Let $A$ be a set of $n$ residues $\pmod{n^{2}}$. Prove that there exists a set $B$ of of $n$ residues $\pmod{n^{2}}$ such that $A + B = \{a+b|a \in A, b \in B\}$ contains at least half of all the residues $\pmod{n^{2}}$.
Source IMO shortlist 2002
Attempt: Take at random and uniform set $B$ in $N=\{0,1,...,n^2-1\}$ such that $|B|=n$ and let $X$ counts different residues in $A+B$. Say $X_i$ is indicator variable for $i$ to be in $A+B$. Then $$X = X_0+\dots+X_{n^2-1}$$then $$E(X) = n^2\cdot E(X_0) = n^2\cdot P(X_0=1)$$ Now \begin{eqnarray}P(X_0=1) &=& P(\color{red}{0-a_1\in B}\cup \color{blue}{0-a_2\in B}\cup\dots\cup \color{gold}{0-a_n\in B})\\ &=&1- P(\color{red}{0-a_1\notin B}\cap \color{blue}{0-a_2\notin B}\cap\dots\cap \color{gold}{0-a_n\notin B})\\ &=&1- P(0-a_1\notin B)\cdot P(0-a_2\notin B)\cdots P(0-a_n\notin B)\\ &=&1- (1-P(0-a_1\in B))\cdot (1-P(0-a_2\in B))\cdots\\ &=&1- (1-P(0-a_1\in B))^n\\ &=&1- \left(1-{{n^2-1\choose n-1}\over {n^2\choose n}}\right)^n\\ &=&1- \left(1-{1\over n}\right)^n>1-{1\over e} >{1\over 2} \end{eqnarray}
So $E(X)>{n^2\over 2}$ and thus a conclusion. I'm just not sure if I may use independance here.
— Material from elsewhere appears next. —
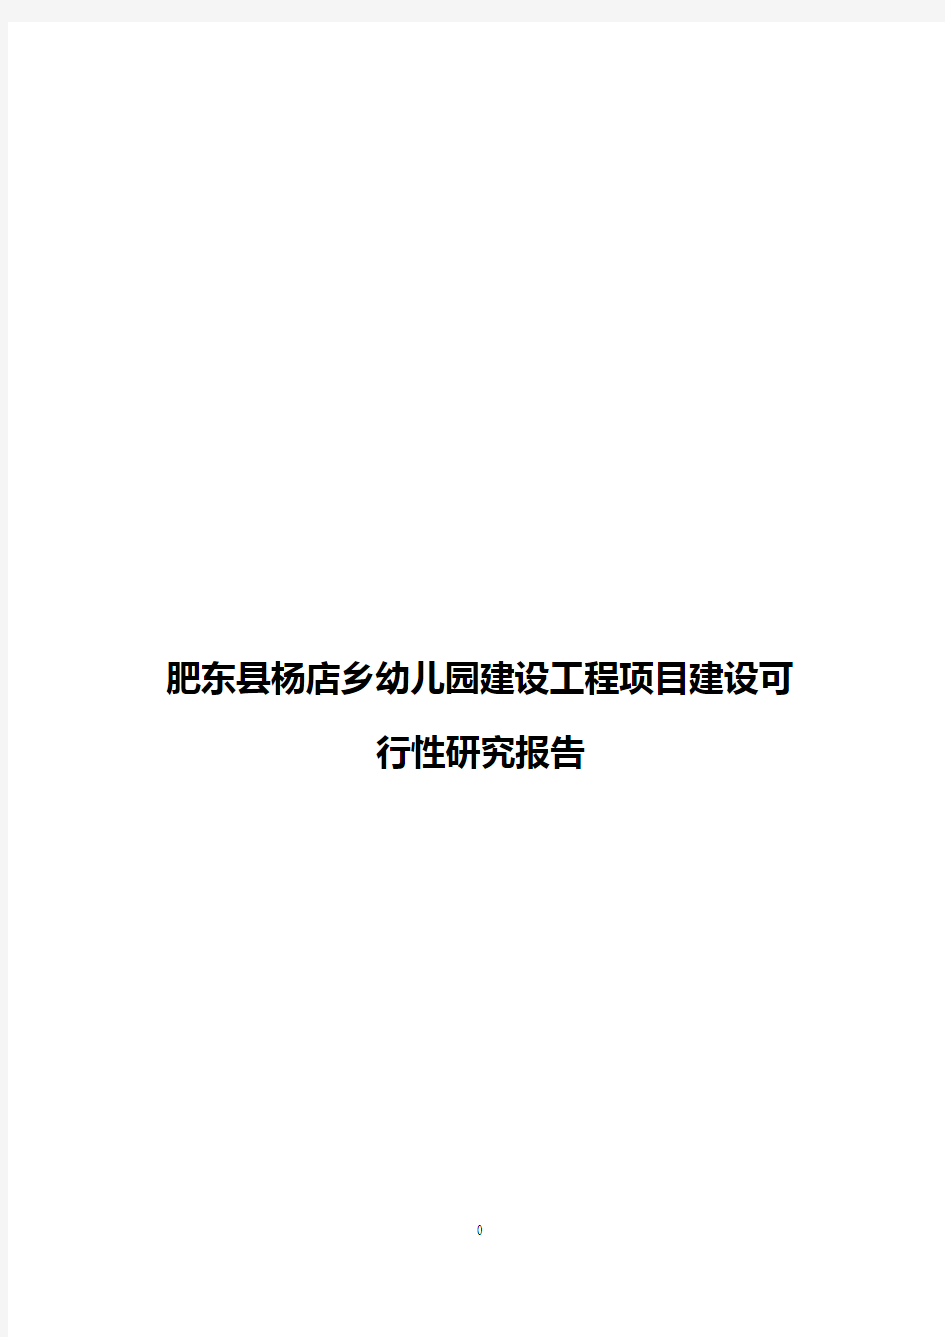 【整编】肥东县杨店乡幼儿园建设工程项目建设可行性研究报告

Actually we can avoid independence:
$$P(\color{red}{0-a_1\notin B}\cap \color{blue}{0-a_2\notin B}\cap\cdots\cap \color{gold}{0-a_n\notin B}) = P(B\subset N\setminus A_0)={{n^2-n\choose n}\over {n^2\choose n}}$$
where $A_0 = 0-A \pmod {n^2}$ and clearly $|A_0| = |A|=n$.
Since we have $${n^2-n-k\over n^2-k}\leq 1-{1\over n}$$ for each $0\leq k\leq n-1$, we have also
$${{n^2-n\choose n}\over {n^2\choose n}} = {(n^2-n)(n^2-n-1)\cdots(n^2-2n+1)\over n^2(n^2-1)\cdots(n^2-n+1)}\leq \left(1-{1\over n}\right)^n$$